Keep It Short and Clear
This is not the place for witty observations or lively descriptions of the benefits you promise. CTAs are brief and to the point. They describe the action in a straightforward manner – Download Your Copy, Register for a Free Trial, Buy This, Sign Up and Get $50 Off, Reserve Your Seats, etc.
This type of copywriting may sound a bit bland, or even off-putting in its directness. Don’t forget, though, that the CTAs are just that final step in a process. Your site’s design, the images that decorate it and the textual content that you publish on it all provide the atmosphere, the information and the motivation to follow your call-to-action, while the CTA is there to give it a final push.
Use Action-Oriented Language
Compelling site visitors to take action requires proactive language. It’s no coincidence that CTAs begin with a powerful imperative verb that assertively determines what happens next. This type of explicit invitation increases people’s motivation to follow your CTA and complete the action. It puts the focus on them and their decision and strengthens their confidence in the choice to click onwards.
The Time is Now
Similarly to the use of power-verbs, adding a sense of urgency strengthens the CTA’s impact. A powerful CTA motivates site visitors to take immediate action, not to think things over and probably forget all about your site. Adding words like “Now,” “Here” “Today” to your CTAs helps to prompt quick reactions. Other phrasings that elicit this type of determination are: “Get Instant Access,” “Grab Limited Discount Code” or “Take Advantage of Our Best Deal Ever.”
Lead with Incentives
When you’re asking your site visitors to do something for you, you better be willing to do something for them in return. With an abundance of options and information available online, web users have the power to consider costs and benefits and make informed decisions. If you want CTAs to appeal to that mindset you need to make sure the value that you are offering is clear, and that it actually appeals to your group.
For example, CTAs like “Start My Free Trial,” “Create Your Own Blog” or “Download Straight to Your Device” all offer a certain incentive that allows visitors to visualize what they are getting out of this deal.
Don’t Neglect the Rest of Your Site
This article focuses specifically on the art of creating CTAs, but just as important is the art of creating a good CTA environment. Remember, the CTA is a culmination of your pitch to your site visitors. Even the perfect CTA will fail if the site that surrounds it does not lead visitors towards the completing the action.
To begin with, your entire site design should support the CTA. This means, for example, that the layout of the page should direct the visitors’ view towards the CTA in a natural browsing flow. It also means freeing up some white space around the CTA, to make sure that nothing distracts the view away from it.

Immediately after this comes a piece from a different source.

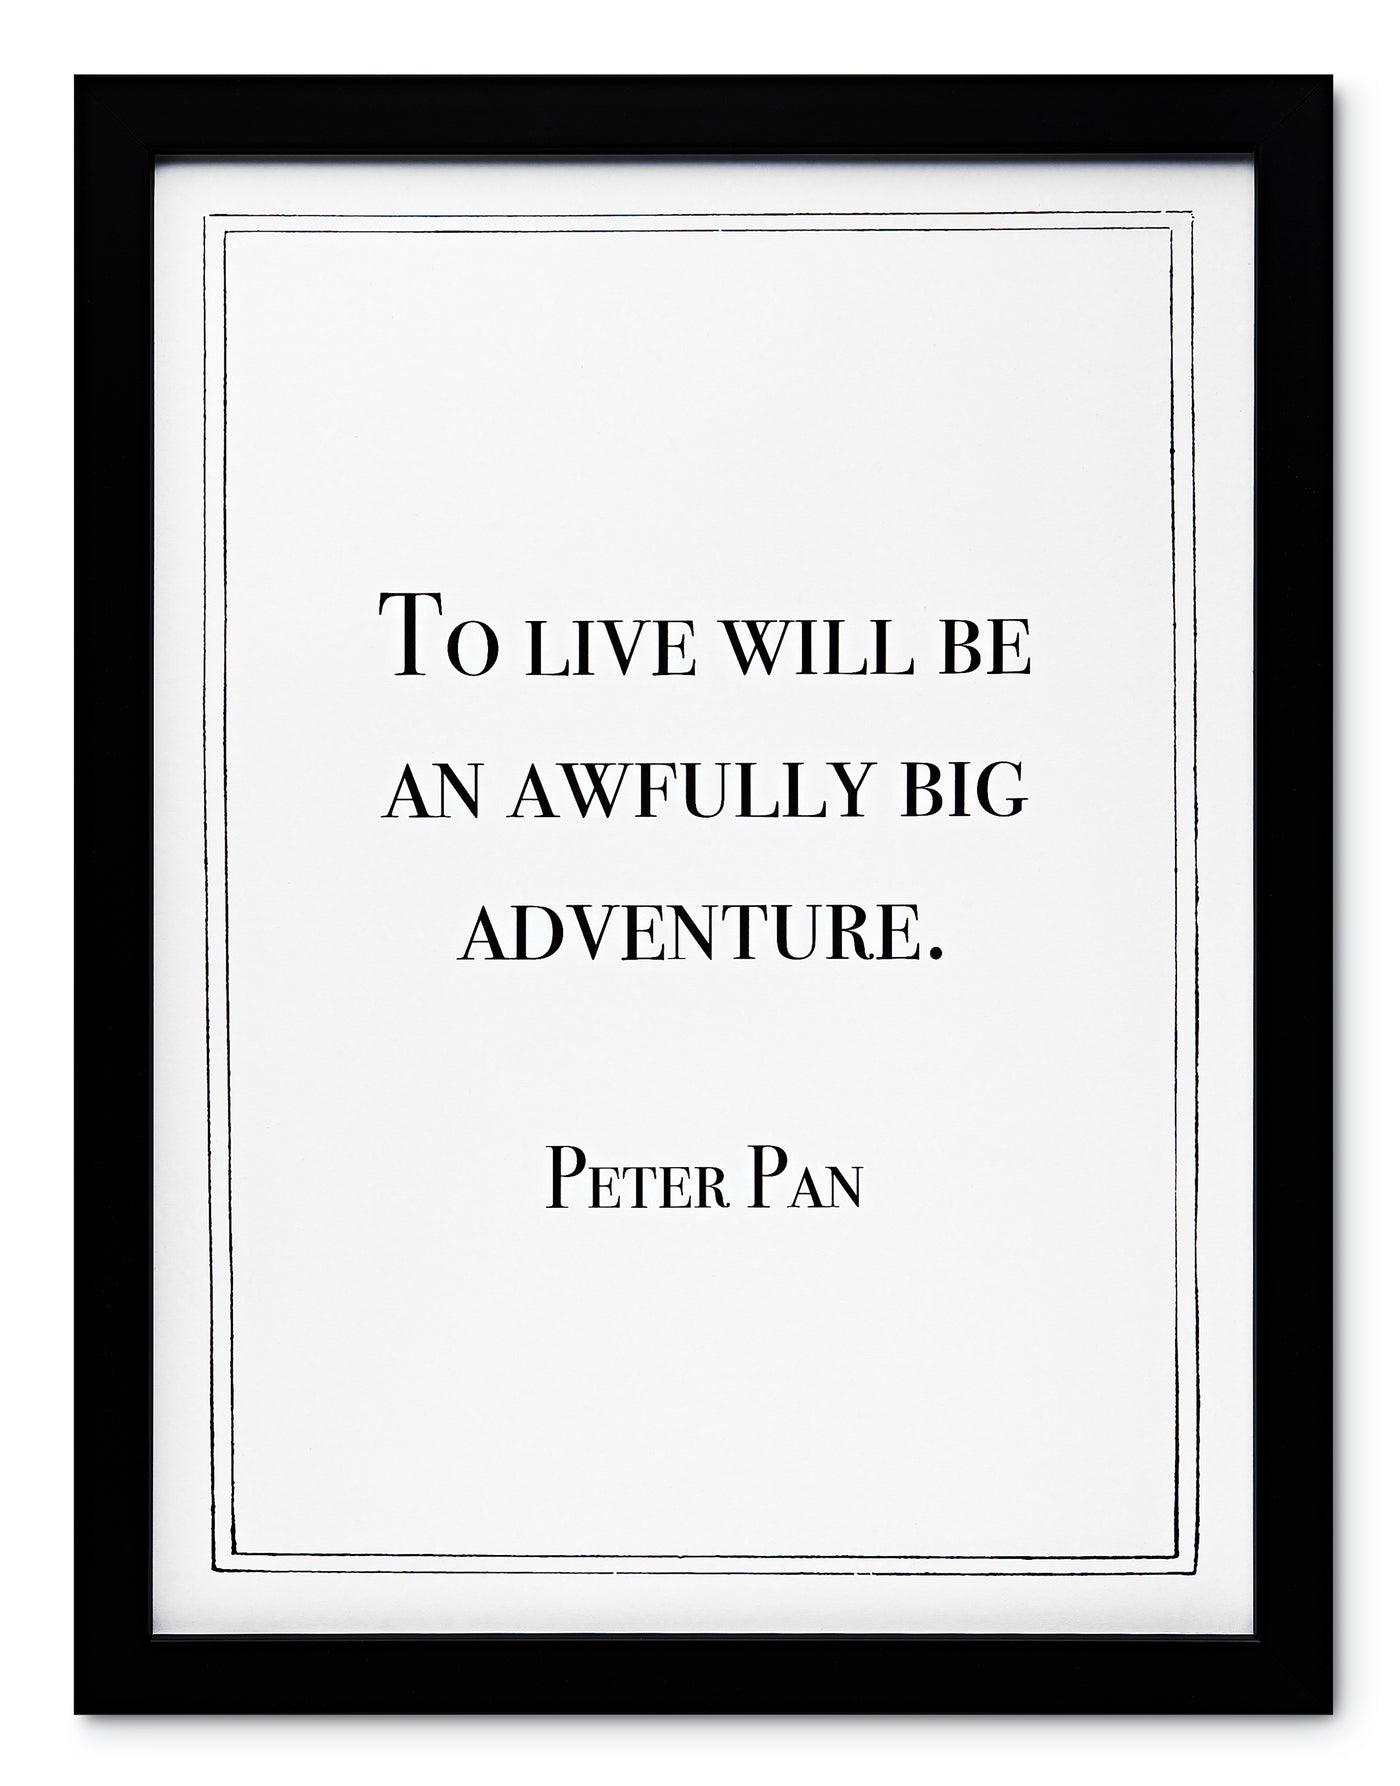 Art with Words: Peter Pan's Wisdom
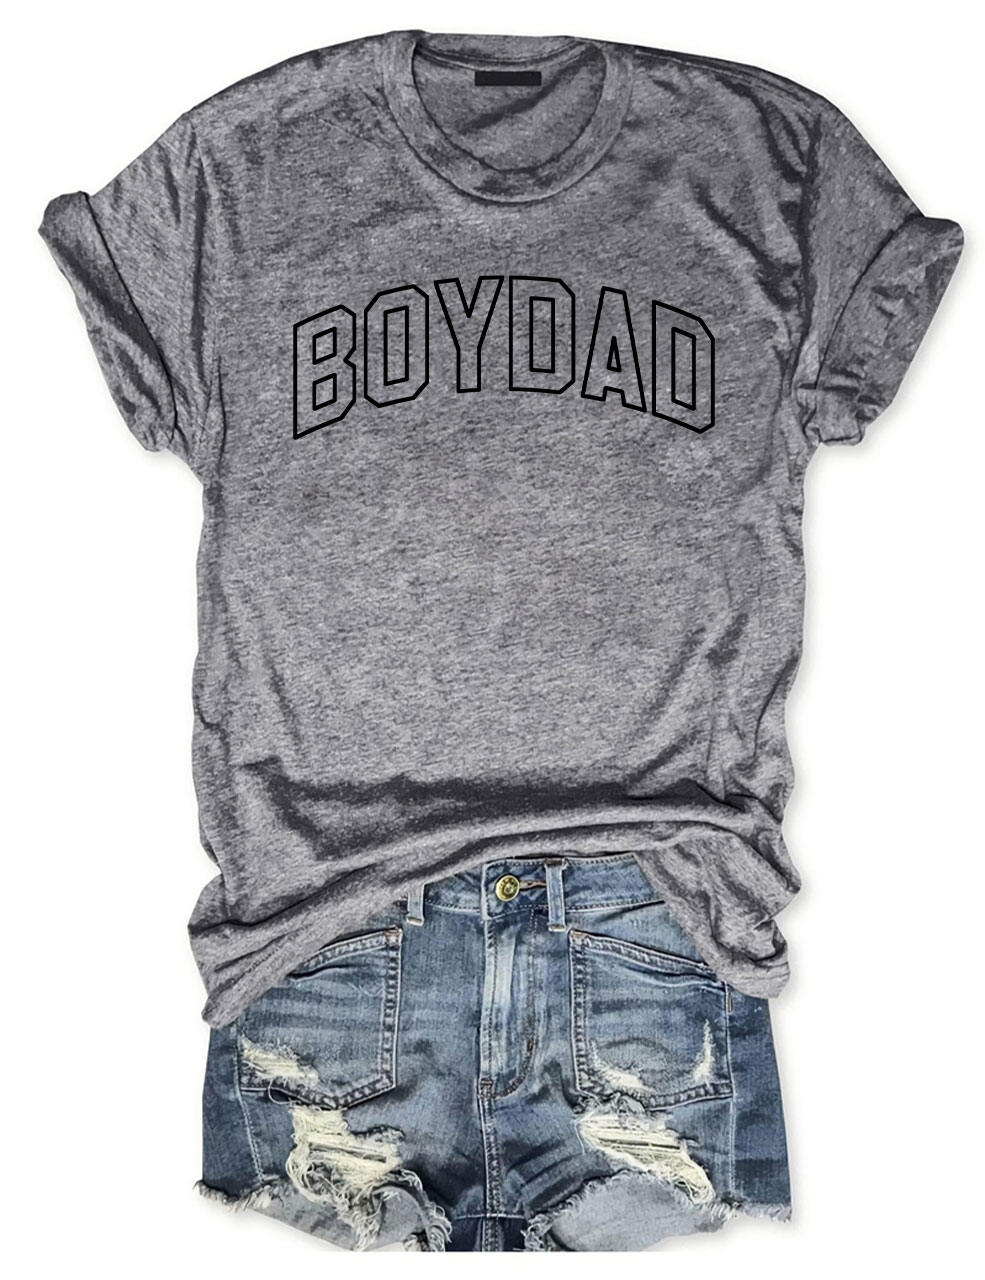 Boy Dad T-shirt

The site content is also crucial for the elimination of FUDs – fears, uncertainties and doubts. We mentioned before that CTAs are short and therefore cannot address all the concerns or questions that site visitors might have about you, your business or your organization. You need to make sure that your site has all the answers so that visitors are free to pursue the CTA freely.
Track and Analyze Success
No serious website owner would be pleased with following all the steps mentioned above without tracking their impact. Analyzing the success rate of your CTA is crucial in evaluating your site’s overall performance and is a vital step towards improving your strategy for growth. An important metric that can help to guide your evaluation is the conversion rate, which basically provides you with the tools to measure your CTAs’ success rates.
Test and Improve
After tracking and measuring your CTAs’ performance, you have the knowledge required to experiment, compare and improve various call-to-action schemes. Your analysis may show you that some colors bring in more clicks than others, or that the phrasing “Buy now” is more effective than “Purchase Now.” Keep track of your different tests to better understand what triggers action with your target audience and continue to improve your CTAs accordingly.